-- PROVIDED DATA --
......

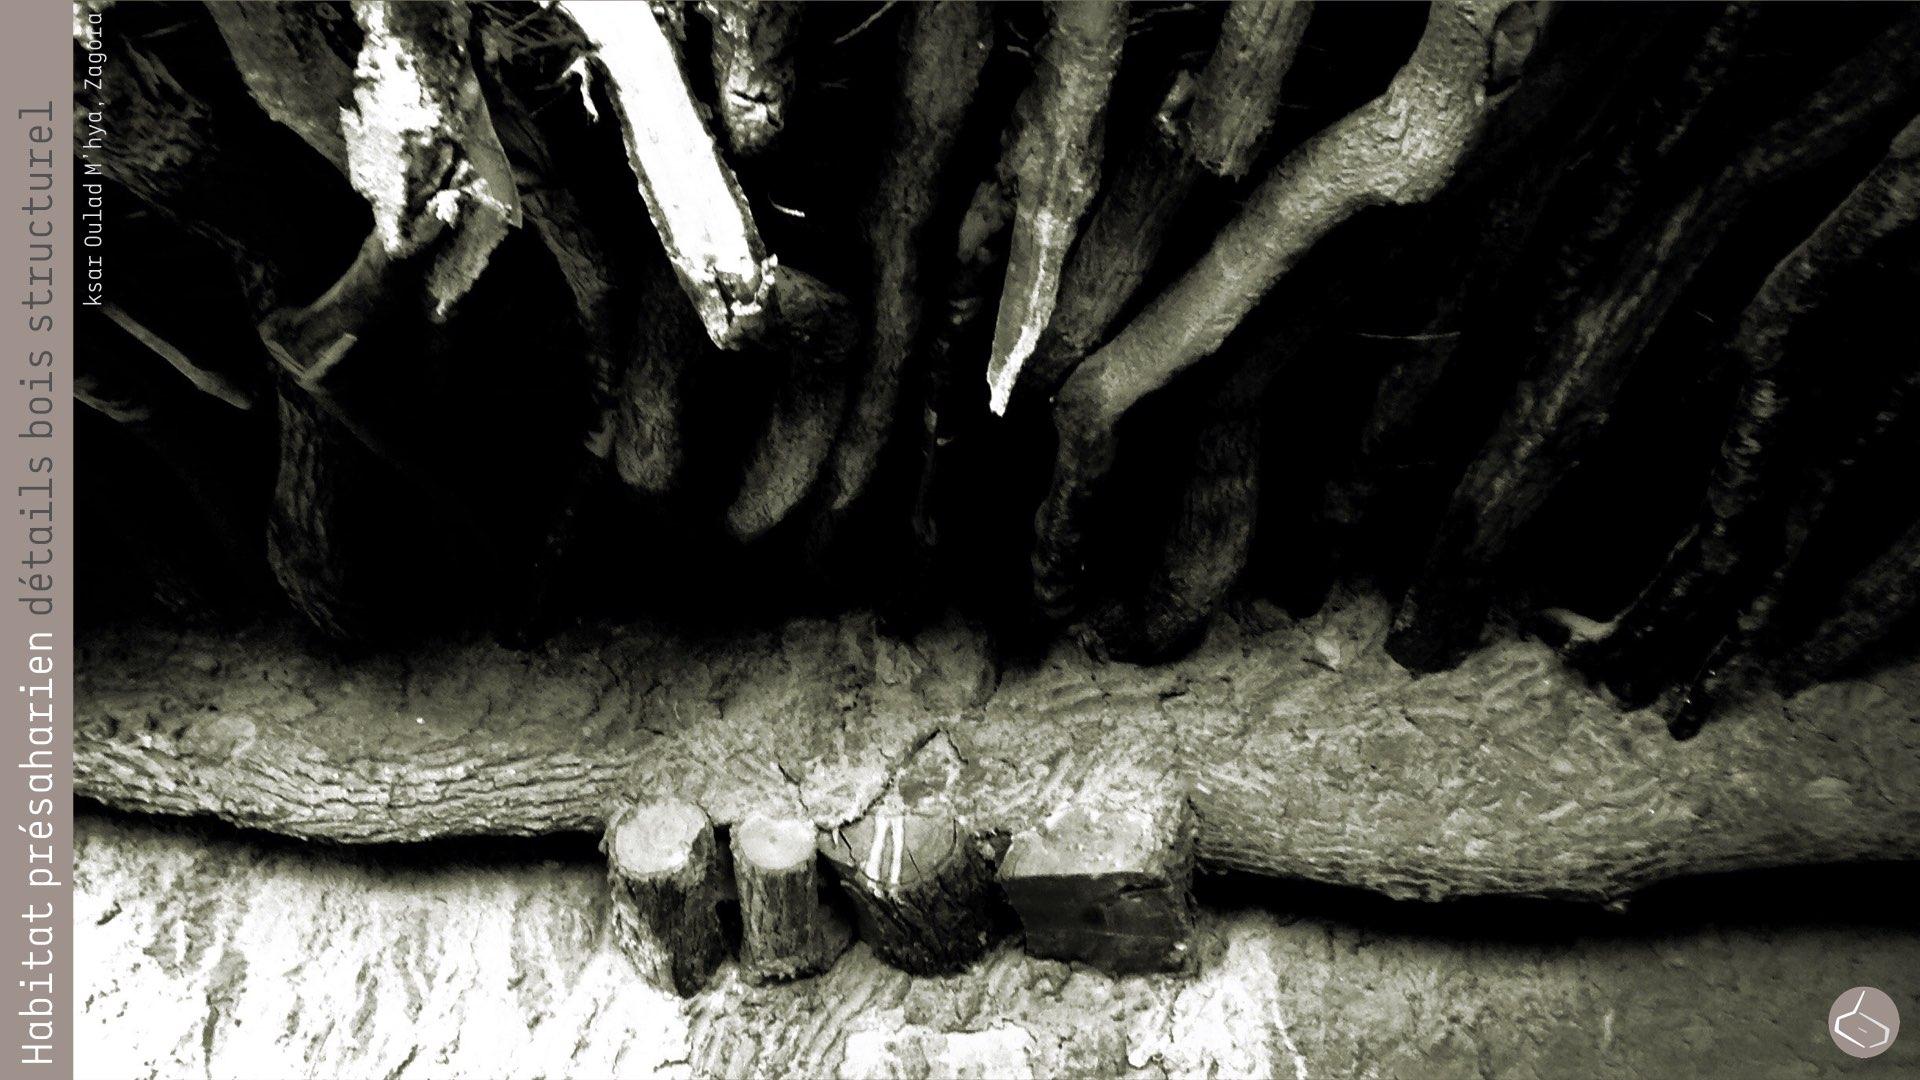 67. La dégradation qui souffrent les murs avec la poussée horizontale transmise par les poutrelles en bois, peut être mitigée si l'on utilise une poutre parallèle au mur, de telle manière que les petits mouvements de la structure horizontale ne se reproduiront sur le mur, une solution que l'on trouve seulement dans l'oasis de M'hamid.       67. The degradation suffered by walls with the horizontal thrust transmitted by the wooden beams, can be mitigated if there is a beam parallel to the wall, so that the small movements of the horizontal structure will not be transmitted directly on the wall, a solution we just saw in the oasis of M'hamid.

......

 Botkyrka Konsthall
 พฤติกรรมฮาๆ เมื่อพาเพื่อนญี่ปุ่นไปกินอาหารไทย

......

Set down precisely the lines above between the line holding "Botkyrka Konsthall" and the line holding "พฤติกรรมฮาๆ เม", inclusive, and nothing beyond them.

-- RESPONSE AREA --
 Botkyrka Konsthall
 พฤติกรรมฮาๆ เมื่อพาเพื่อนญี่ปุ่นไปกินอาหารไทย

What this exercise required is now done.